Hi,

My company runs a moderately large and loaded MySQL replication network
across four Solaris machines. While upgrading from a fairly old 3.23.4x
installation to 3.23.52 we've encountered a problem with replication and
binlog rotation.
One of the machines is simultaneously slave to one server and master to
two others; on that machine, if a "RESET MASTER" or "PURGE MASTER LOGS"
is executed while its slave thread is performing a query, mysqld
reproducibly dies.


Looking in the mysql list archives, I see one other report of something
similar, but no detailed bug reports or resolution.
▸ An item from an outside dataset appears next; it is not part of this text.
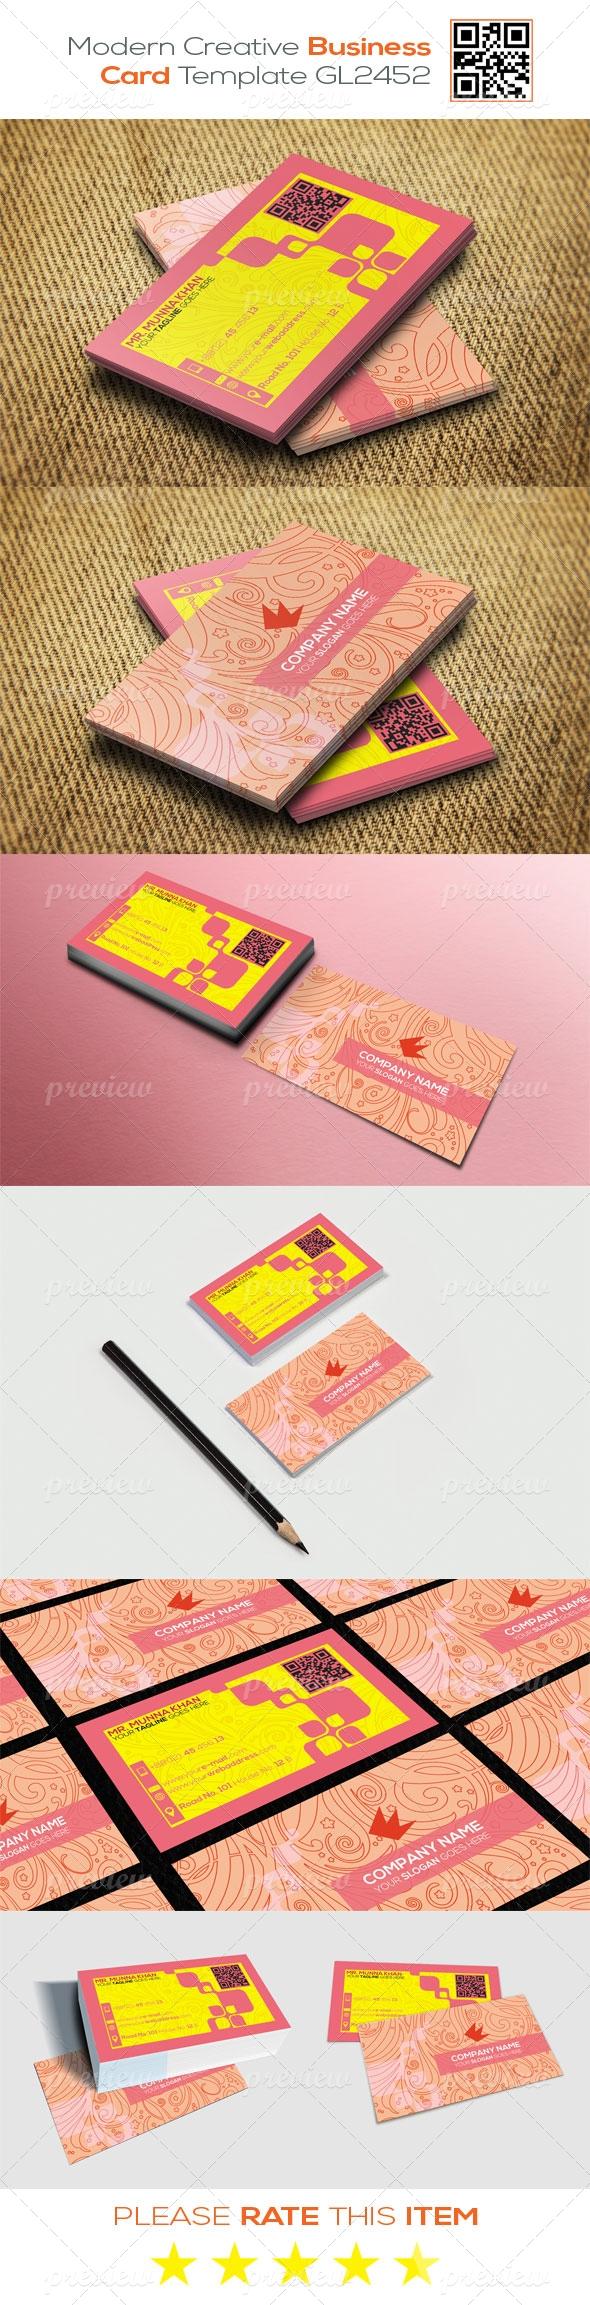 Modern Creative Business Card Template GL2452

A gdb backtrace, details of the machine and the mysqld's configuration
follow:


MySQL 3.23.52, compiled for debugging purposes with

# CC=gcc CFLAGS="-O2" CXX=gcc CXXFLAGS="-O2 -felide-constructors \
   -fno-exceptions -fno-rtti" ./configure --prefix=/usr/local/mysql \
   --with-debug=full --with-extra-charsets=complex --with-innodb

using gcc 2.95.3

The machine the crash was reproduced on is a 4-processor Sun E4500 with
2G of memory and Solaris 8; it was originally observed on a different
E4500 with 8 processors and 8G of memory, running the stock 3.23.52
MySQL-MAX binary for Sparc Solaris 8.


# uname -a
SunOS testdb 5.8 Generic_108528-16 sun4u sparc SUNW,Ultra-Enterprise


(I've cut off the end of the query text in the backtrace for company
data security, but the query itself does not seem to be the issue - the
crash happens equally on other inserts and updates on other tables)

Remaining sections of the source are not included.